Yan Chen Wins 2018 ASPLOS Most Influential Paper Award

The paper, titled, "OceanStore: an Architecture for Global-scale Persistent Storage" was written in 2000 and has been cited for over 3000 times.

Prof. Yan Chen

Prof. Yan Chen's PhD research work has won the Most Influential Paper Award in ASPLOS 2018. The 23rd ACM International Conference on Architectural Support for Programming Languages and Operating Systems was held March 24th–March 28th in Williamsburg, VA.

The paper, titled, "OceanStore: an Architecture for Global-scale Persistent Storage" was written in 2000, in Proceedings of the ninth international conference on Architectural support for programming languages and operating systems (ASPLOS IX) and has been cited for over 3000 times, based on Google Scholar. His co-authors include: John Kubiatowicz, David Bindel, Steven Czerwinski, Patrick Eaton, Dennis Geels, Ramakrishna Gummadi, Sean Rhea, Hakim Weatherspoon, Westley Weimer,  Chris Wells, and Ben Zhao.

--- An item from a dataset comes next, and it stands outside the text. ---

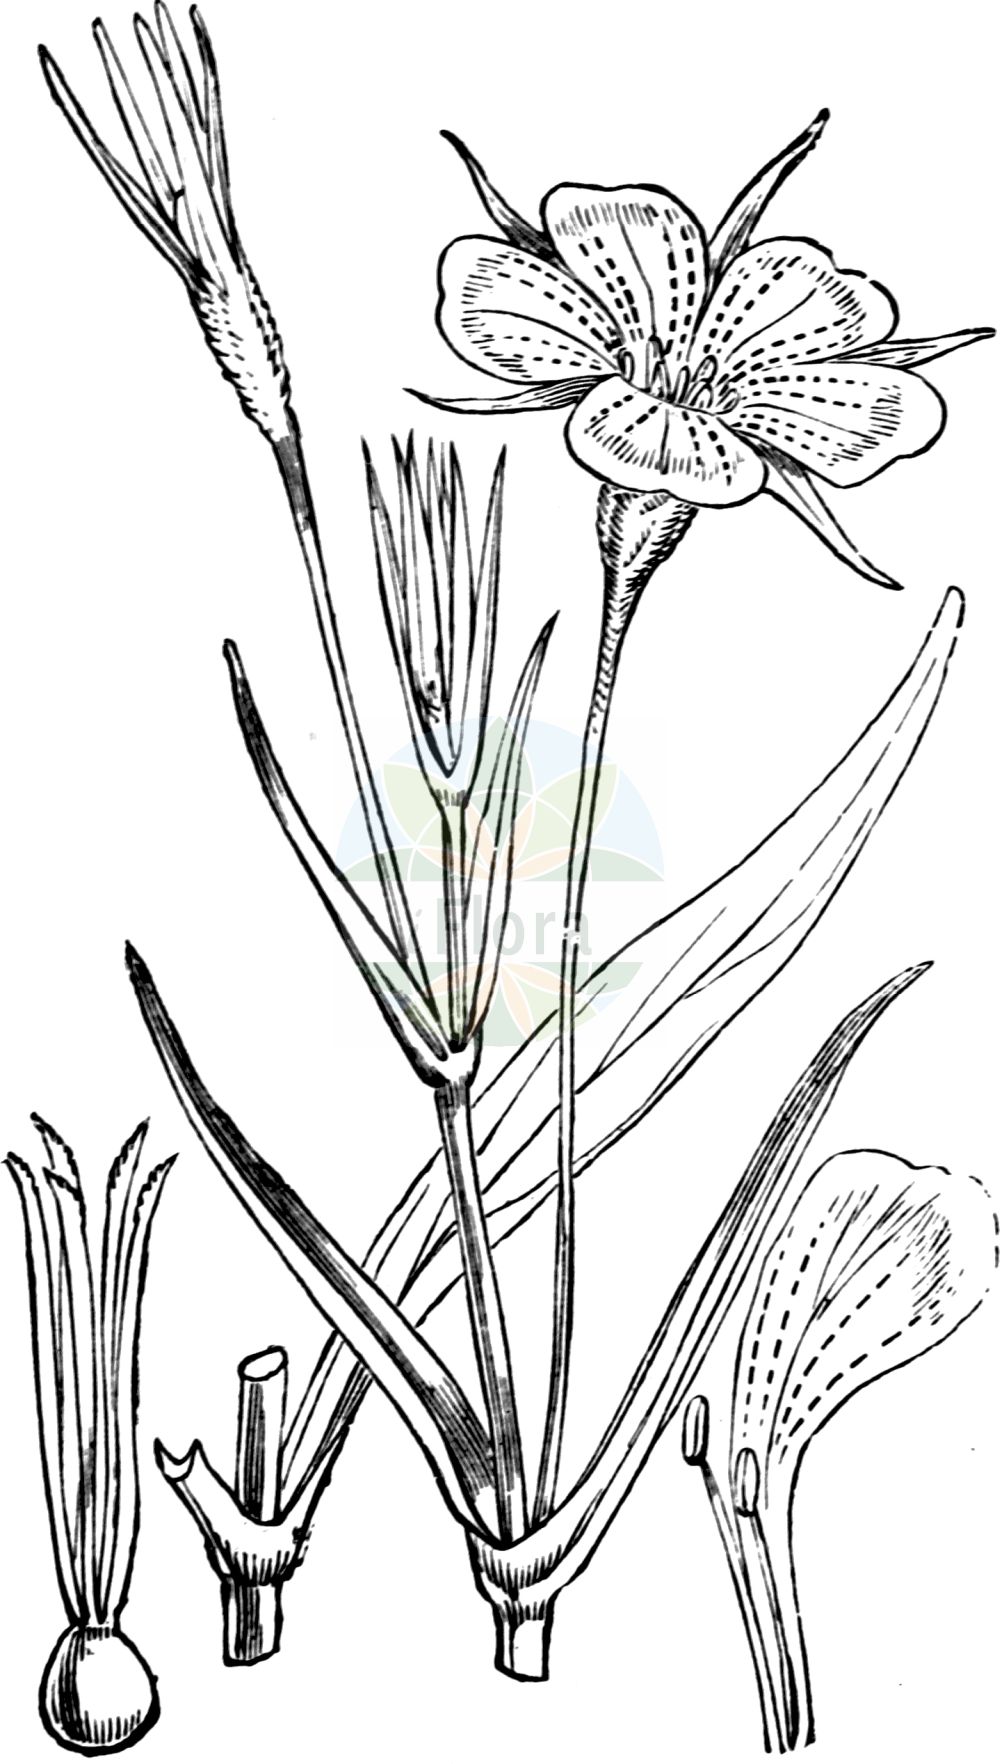 Historische Abbildung von Agrostemma githago (Gewöhnliche Kornrade - Corncockle). Das Bild zeigt Blatt, Bluete, Frucht und Same. ---- Historical Drawing of Agrostemma githago (Gewöhnliche Kornrade - Corncockle). The image is showing leaf, flower, fruit and seed.(Agrostemma githago,Gewöhnliche Kornrade,Corncockle,Agrostemma githago,Agrostemma linicola,Agrostemma nicaeense,Lychnis githago,Gewoehnliche Kornrade,Corncockle,Common Corn Cockle,Corn Campion,Agrostemma,Kornrade,Corncockle,Caryophyllaceae,Nelkengewächse,Pink family,Blatt,Bluete,Frucht,Same,leaf,flower,fruit,seed,Fitch et al. (1880))

Paper Abstract: OceanStore is a utility infrastructure designed to span the globe and provide continuous access to persistent information. Since this infrastructure is comprised of untrusted servers, data is protected through redundancy and cryptographic techniques. To improve performance, data is allowed to be cached anywhere, anytime. Additionally, monitoring of usage patterns allows adaptation to regional outages and denial of service attacks; monitoring also enhances performance through pro-active movement of data. A prototype implementation is currently under development.